Abstract

Cardiac diseases pose a significant non-obstetrical threat to maternal well-being during pregnancy, contributing to nearly 10% of maternal mortality. The intersection of pregnancy and cardiac disease presents a complex scenario, affecting approximately 1-3% of pregnancies. Rheumatic heart disease (RHD) remains a prevalent issue in developing countries, while advancements in pediatric cardiology have increased survival rates for congenital heart disease. This exploration aims to comprehensively understand the impact of cardiac diseases on maternal and fetal outcomes during pregnancy.A prospective observational study conducted over 1 year and 6 months included 40 pregnant women with cardiovascular disease. Antenatal investigations, electrocardiogram, and echocardiography were performed. Maternal and fetal outcomes were assessed, and data were presented as descriptive statistics. The study revealed a 2.07% prevalence of cardiac disease in 1926 deliveries, with a mean age of 24±4 years. Cesarean section was the predominant mode of delivery (70%). Most cases had NYHA grade I disease (80%). Maternal outcomes were uneventful in 88%, and only 12% had ICU admission. Complications due to cardiac disease were observed in 17.5% of participants. Neonatal outcomes included NICU admission (25%), low birth weight (22.5%), and preterm birth (20%).Cardiovascular complications in pregnancy affect up to 4% of cases. The prevalence in this study aligns with existing literature.

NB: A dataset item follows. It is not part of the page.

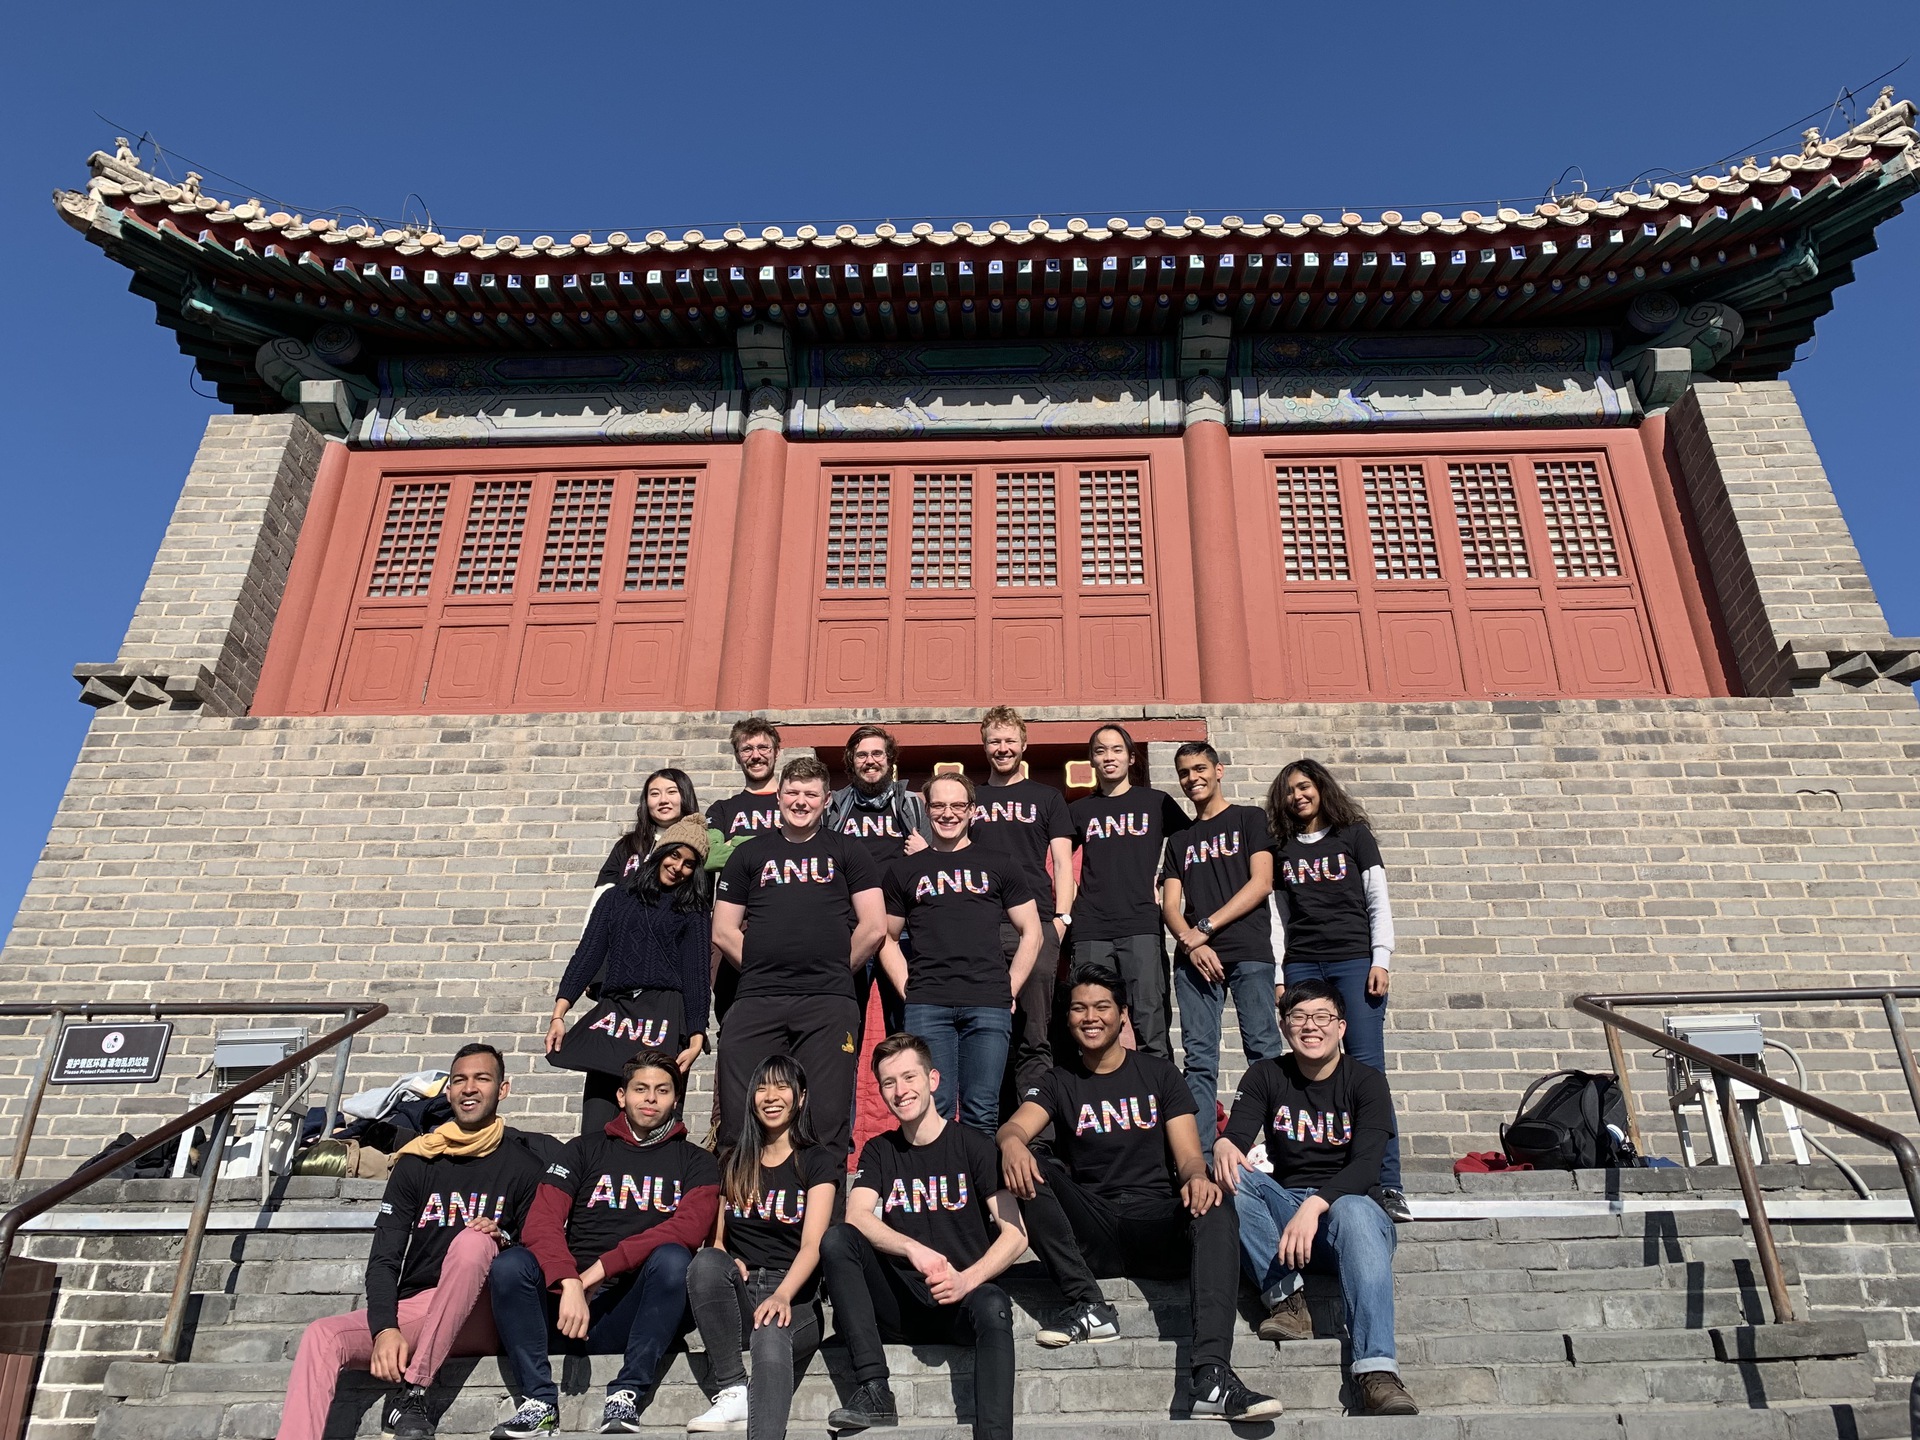 a bunch of students
and I at the Great Wall of China in Dec. 2018

Rheumatic heart disease and congenital heart disease were predominant, consistent with global trends. Maternal and perinatal outcomes were favorable in NYHA grades I and II, emphasizing the importance of early intervention and healthcare accessibility.Cardiac disease is a substantial risk factor for maternal mortality during pregnancy. The study highlights the dual risk of balancing maternal well-being and fetal development. Prevalence, complications, and outcomes underscore the significance of pre-pregnancy counseling, early detection, and multidisciplinary management for optimal pregnancy outcomes.